In [None]:
# from google.colab import drive
# drive.mount('/content/drive')

Table of Contents

-----

# <a id='toc1_'></a>[**Sales Forecasting Project**](#toc0_)

-----------------------------
## <a id='toc1_1_'></a>[**Project Context**](#toc0_)
-----------------------------

Fresh Analytics, a data analytics company, aims to comprehend and predict the demand for various items across restaurants. The primary goal of the project is to determine the sales of items across different restaurants over the years. In an ever-changing competitive market, accurate forecasting is crucial for making correct decisions and plans related to sales, production, and other business aspects.

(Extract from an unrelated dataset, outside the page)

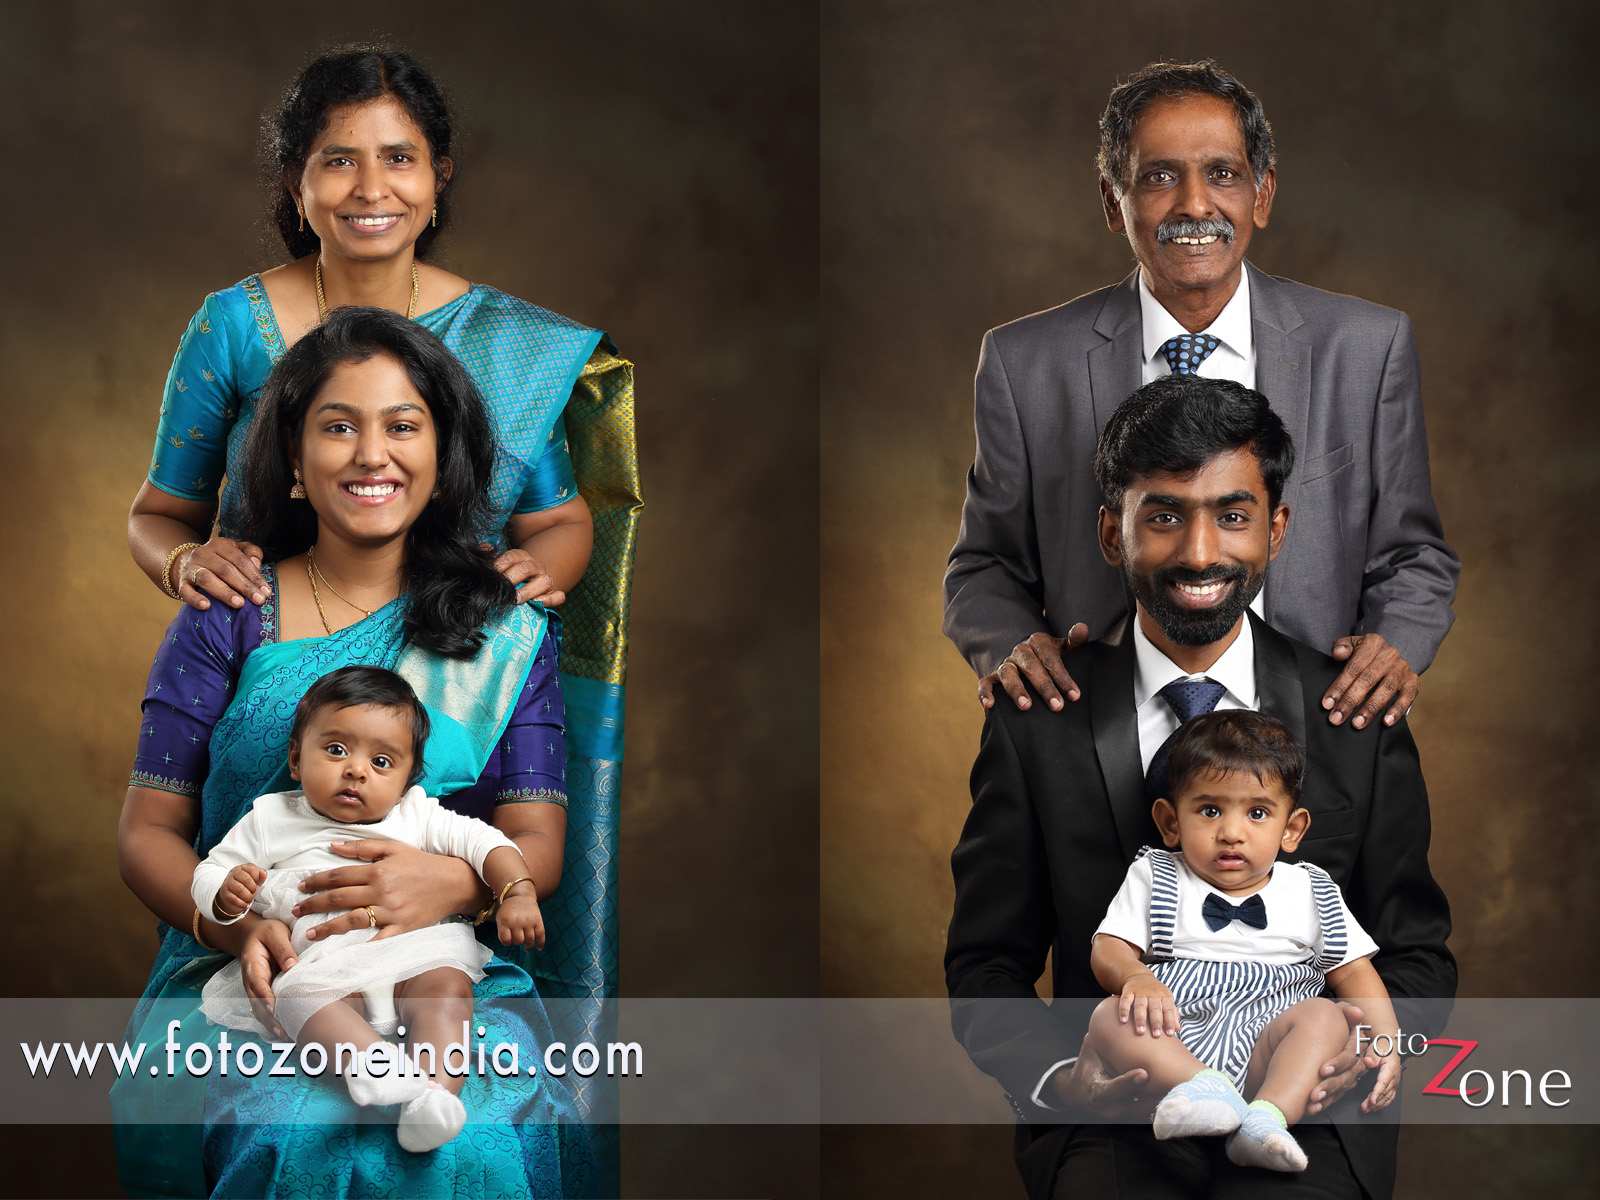 BHM Family Photoshoot | Family portrait photography poses, Family picture  poses, Family posing
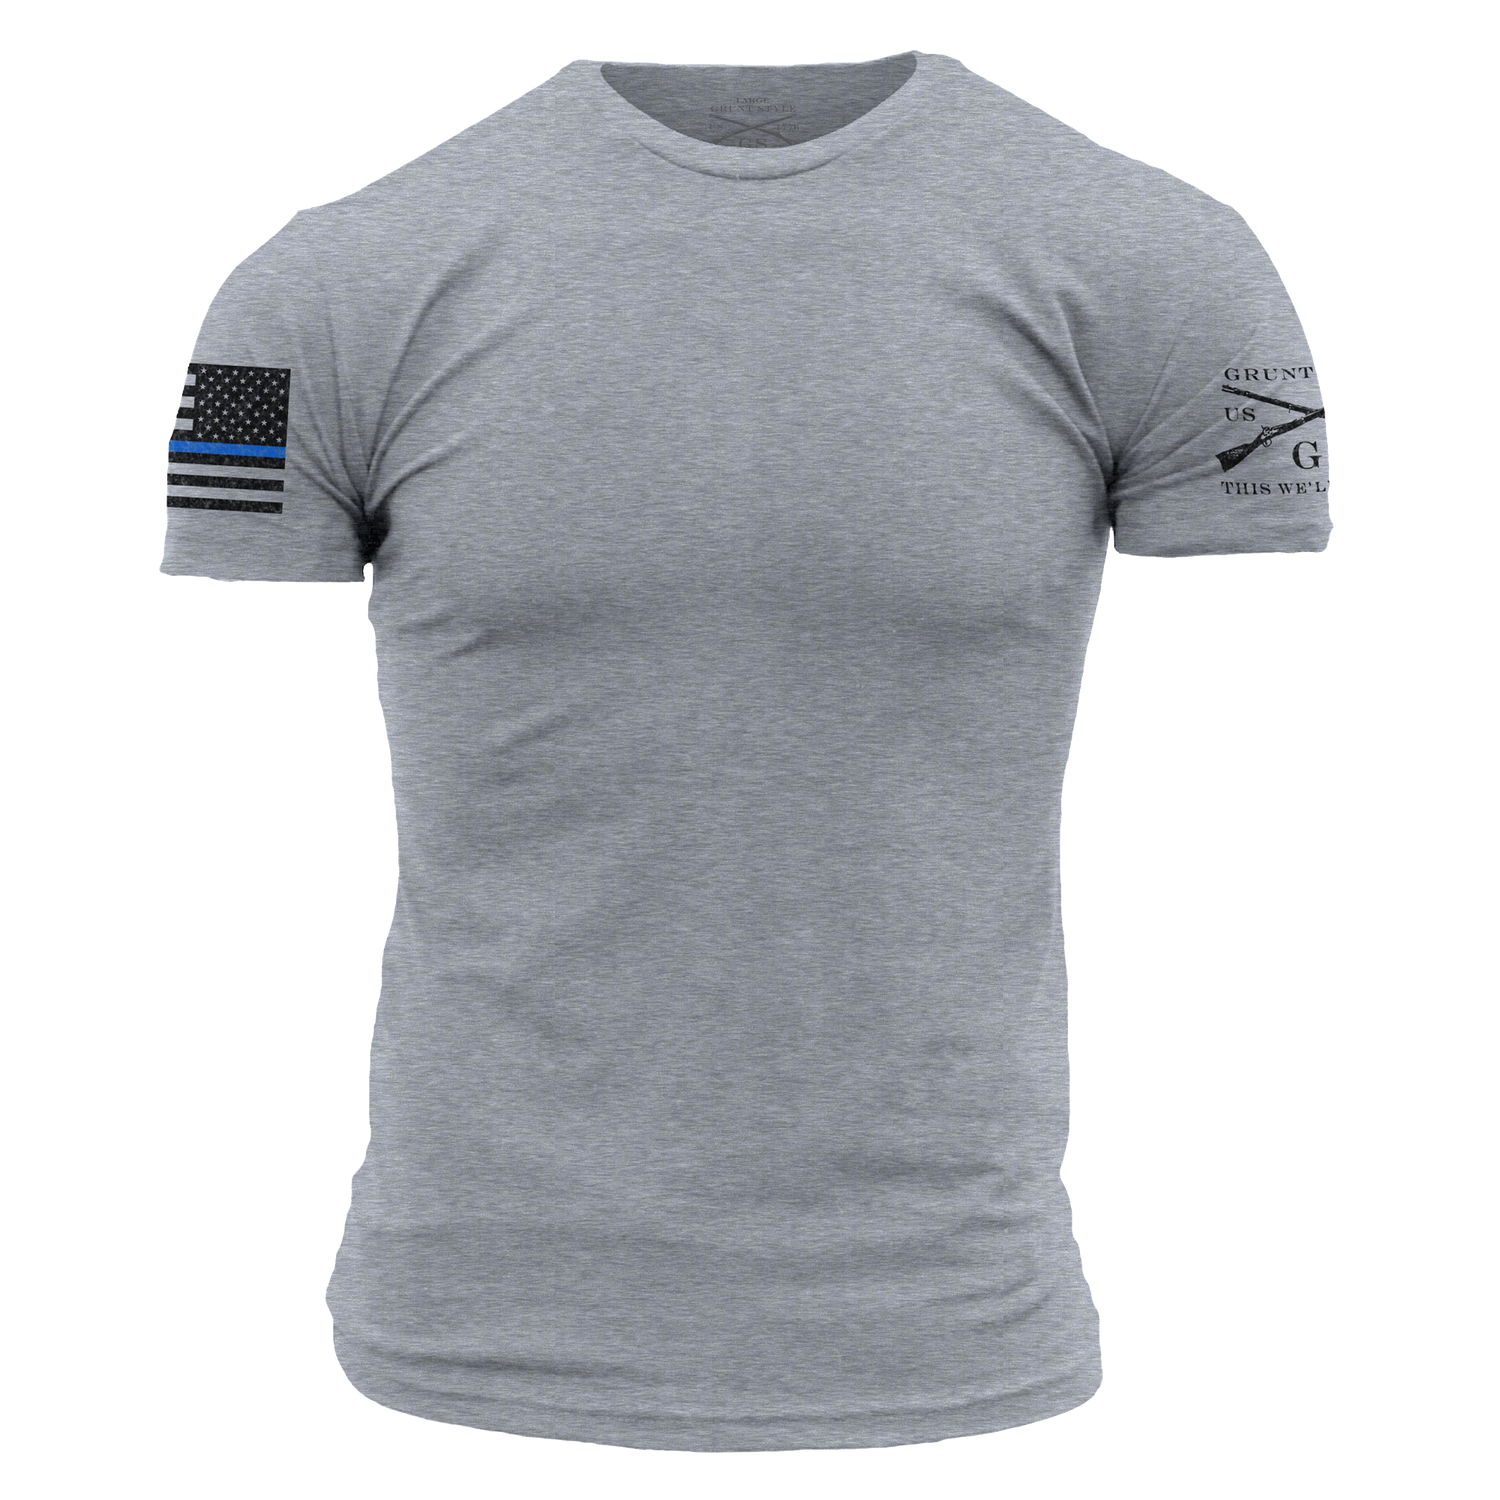 police shirts - t-shirt bundle

-----------------------------
## <a id='toc1_2_'></a>[**Project Objectives**](#toc0_)
-----------------------------

In ever-changing competitive market conditions, there is a need to make correct decisions and plans for future events related to business like sales, production, and many more. The effectiveness of a decision taken by business managers is influenced by the accuracy of the models used. Demand is the most important aspect of a business's ability to achieve its objectives. Many decisions in business depend on demand, like production, sales, and staff requirements. Forecasting is necessary for business at both international and domestic levels. 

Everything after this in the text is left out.